ELCA NEWS SERVICE
April 19, 2011
ELCA Presiding Bishop Joins Interfaith Call for Middle East Peace
CHICAGO (ELCA) -- The Rev. Mark S. Hanson, presiding bishop of the Evangelical Lutheran Church in America (ELCA), and 32 Jewish, Muslim and Christian leaders, said a new peace initiative by former Israeli government, intelligence and security officials offers a useful sign for Middle East peace. The initiative, along with previous Middle East peace initiatives, offers "key principles and ideas for negotiations to achieve comprehensive Arab-Israeli-Palestinian peace," the religious leaders said in a letter to President Barack Obama.
The leaders, writing as the National Interreligious Leadership Initiative for Peace in the Middle East, sent their letter to the president April 14.
Called the Israeli Peace Initiative, the new proposal was introduced earlier this month. Previous peace initiatives cited by the religious leaders include the Arab Peace Initiative and the Geneva Accord.
"The main elements of these peace initiatives reflect years of official and informal, unofficial negotiations," the religious leaders wrote. They wrote that "the peace initiatives include creation of a Palestinian state in the West Bank and Gaza, based on the 1967 borders with possible limited land swaps as mutually agreed; a fair negotiated resolution of the issue of refugees that does not threaten the demography of Israel; the sharing of Jerusalem by Israel and the Palestinian state with both having their capitals in the city; and Israeli withdrawal from the Golan Heights as part of a peace agreement with Syria."
Citing "the current stalemate in negotiations, the threat of escalation in violence between Israelis and Palestinians, and the goal and expectation that peace can be achieved this year," the religious leaders called for immediate action by the United States.

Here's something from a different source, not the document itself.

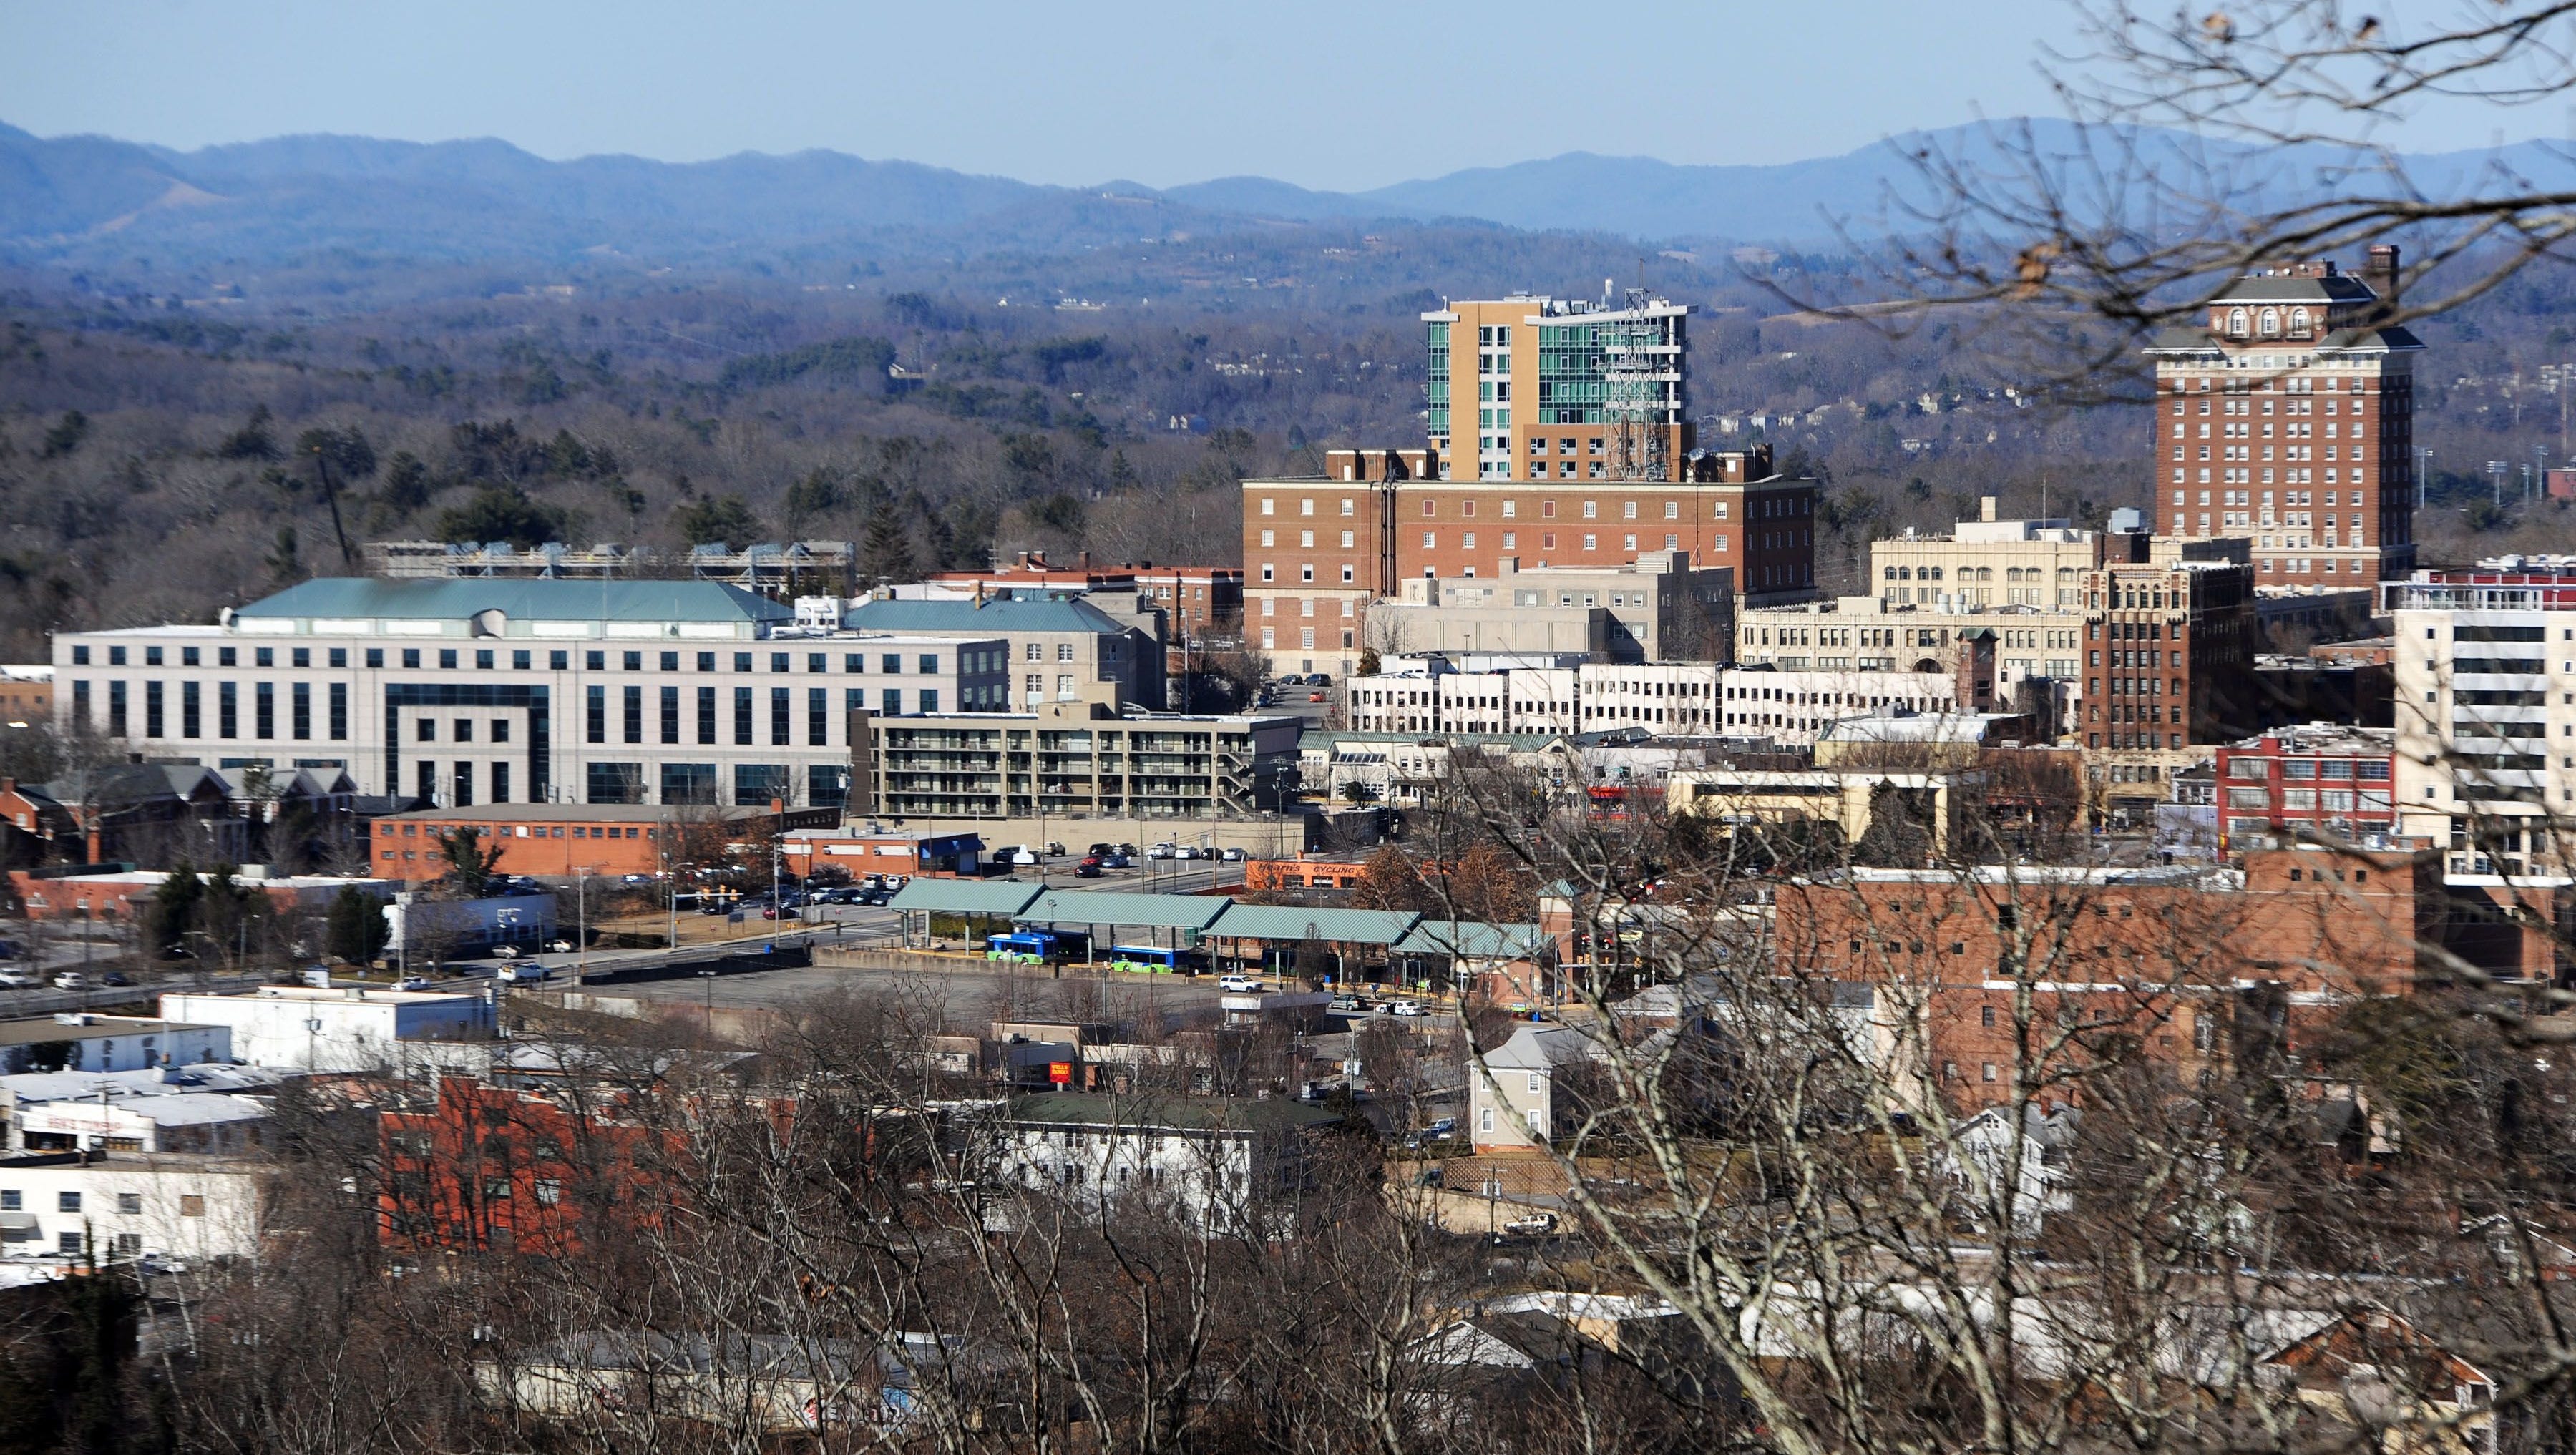 Asheville makes 'worst place to live,' based on standard of living

They wrote that the United States, in coordination with the European Union, Russia and the United Nations, "should support these elements being addressed in negotiations on an urgent basis." Known as the "Quartet on the Middle East," the United States, the European Union, Russia and the U.N. are mediating the peace process in the Israeli-Palestinian conflict.
The religious leaders encouraged Obama to visit Jerusalem and the region soon. They "pledged their prayers and public support for active, fair and firm U.S. leadership in this urgent endeavor." The leaders said they believe that in providing such leadership, the president "can count on substantial support from members of churches, synagogues and mosques across the country."

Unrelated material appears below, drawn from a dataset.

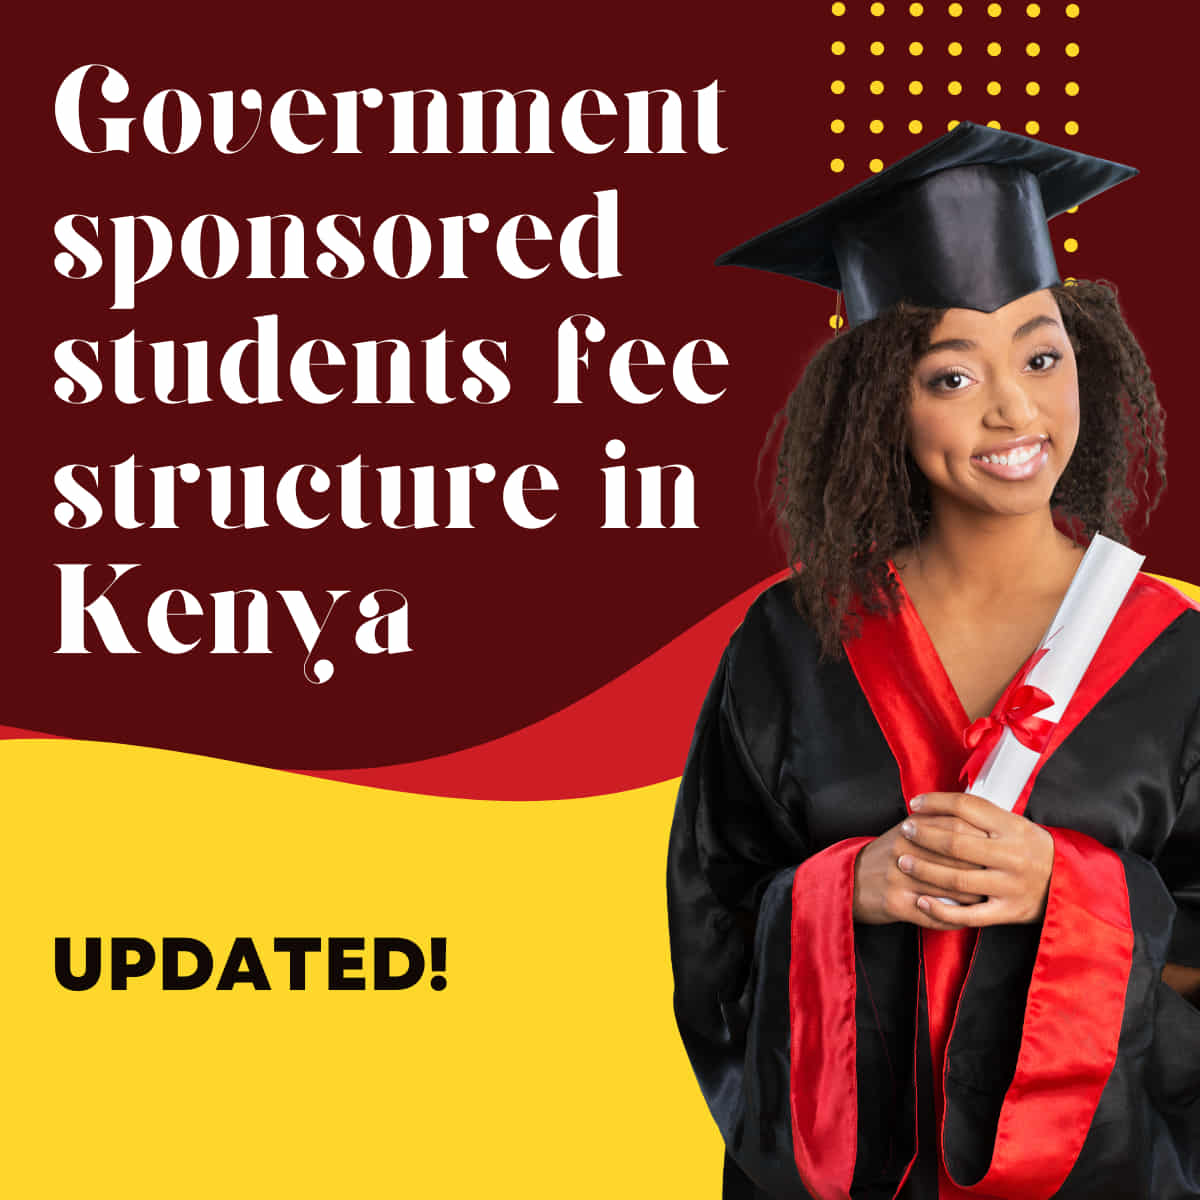 Government sponsored students fee structure in Kenya

The full text of the Jewish, Muslim and Christian leaders' letter to President Obama is at http://www.ELCA.org/advocacy on the ELCA website.
About the Evangelical Lutheran Church in America (ELCA)
The ELCA is one of the largest Christian denominations in the United States, with approximately 4.5 million members in more than 10,000 congregations across the 50 states and in the Caribbean region. Known as the church of "God's work. Our hands," the ELCA emphasizes the saving grace of God through faith in Jesus Christ, unity among Christians and service in the world. The ELCA's roots are in the writings of the German church reformer, Martin Luther.